The Economist December 3, 2011

Give Me Your Gucci-Clad Masses

“GIVE me your tired, your poor, your huddled masses,” reads Emma Lazarus’s ode to immigration inscribed on a plaque beneath the Statue of Liberty. More than a century later, however, it is the jet-lagged and rich who are receiving the warmest welcome at America’s borders.

Two senators, Charles Schumer, a Democrat, and Mike Lee, a Republican, recently introduced legislation to fast-track visas for foreigners spending $500,000 on residential property. Their Visit USA Act would allow purchasers and their families to live in America for as long as they owned their houses, though not to work there or receive any federal benefits.

But The Economist also points out that the EB-5 program, where immigrants get a green card with the right to work and welfare, has deteriorated to the point that they can purchase $500k in State or local bonds to get legal permanent residence and eventually citizenship.

"Although the act is unlikely to become law anytime soon, would-be immigrants with half a million dollars in hand need not despair: America has a visas-for-cash scheme up and running.
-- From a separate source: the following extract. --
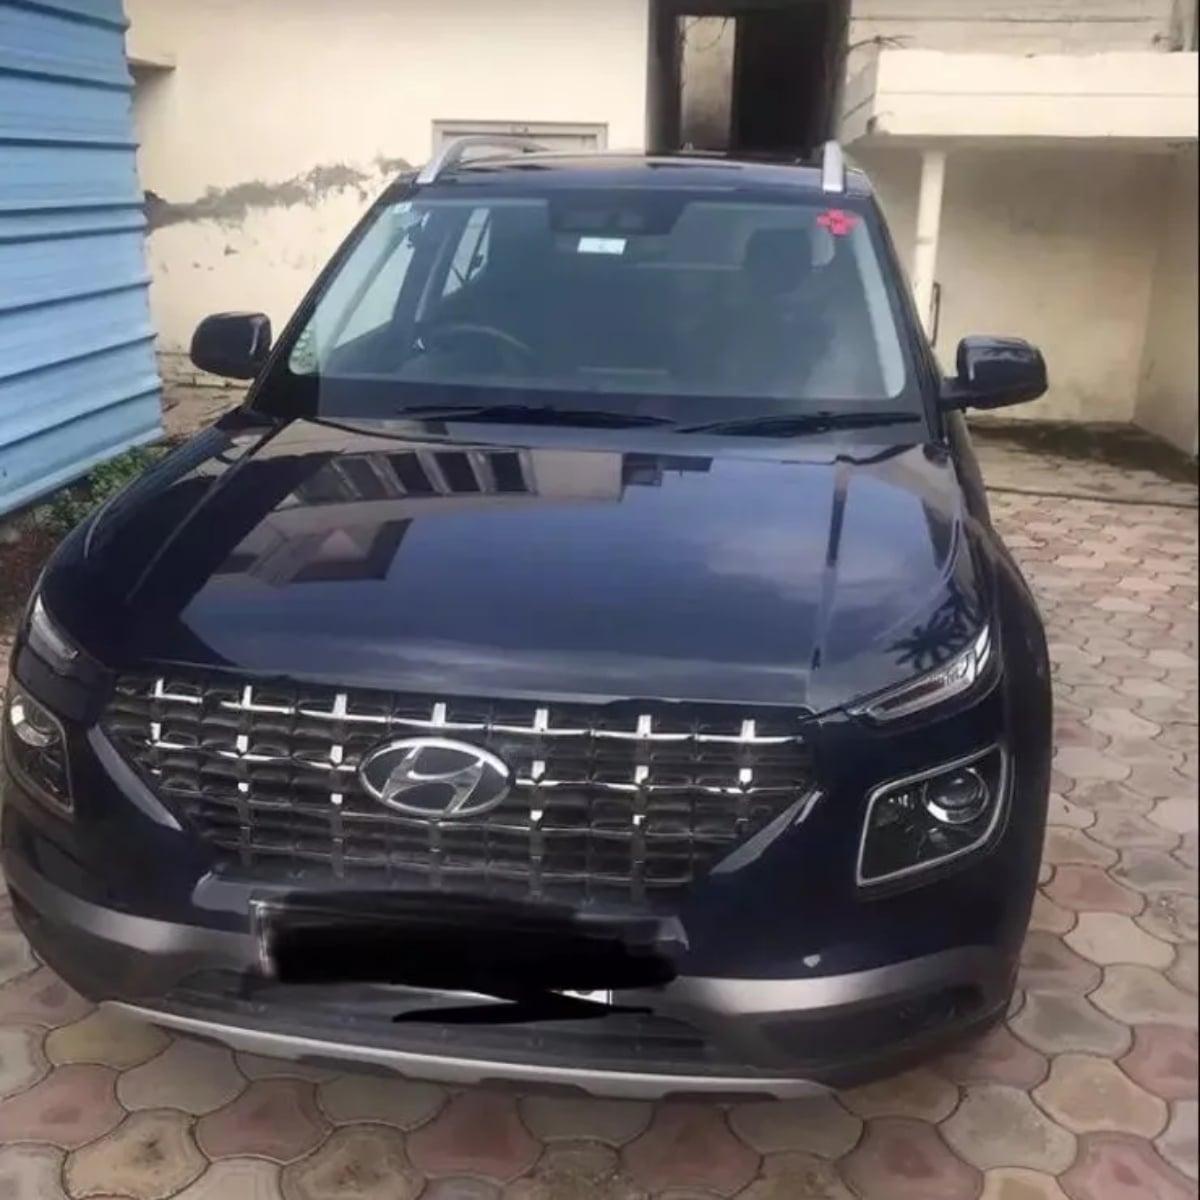 Hyundai Venue Top Model Second Hand At Just Rs 12.20 Lakh

The Immigrant Investor Programme, also known as EB-5, was set up in 1990 to lure in foreigners by giving them the right to live and work there permanently if they created jobs.

Initially EB-5 came laden with stringent conditions: immigrants had to invest $1m either in a new enterprise that would create at least ten full-time jobs, or in a failing one to preserve the same number. They were required to manage the business themselves, and even to dedicate some of the jobs to exports. If a company failed in its first two years, investors would lose both their money and their green cards.

With the exception of the two-year rule, these restrictions have now melted away. Investors today can choose to buy into all sorts of packaged projects, created by regional centres that oversee their day-to-day management. Many projects qualify for a minimum investment of only $500,000, designed to push investment to rural regions and areas of high unemployment. Crucially, the required ten jobs no longer need to be in direct employment. This permits investment in limited partnerships whose purpose is to lend money to companies that do employ workers, reducing investors’ risk.

The logical conclusion is that immigrants could qualify for permanent residency simply by buying local government bonds—and that is exactly what did happen in October. A group of 95 investors, mostly Chinese, bought $48m of Washington state bonds to help finance a replacement for the longest floating bridge in the world, near Seattle."

America for sale. And to types like this.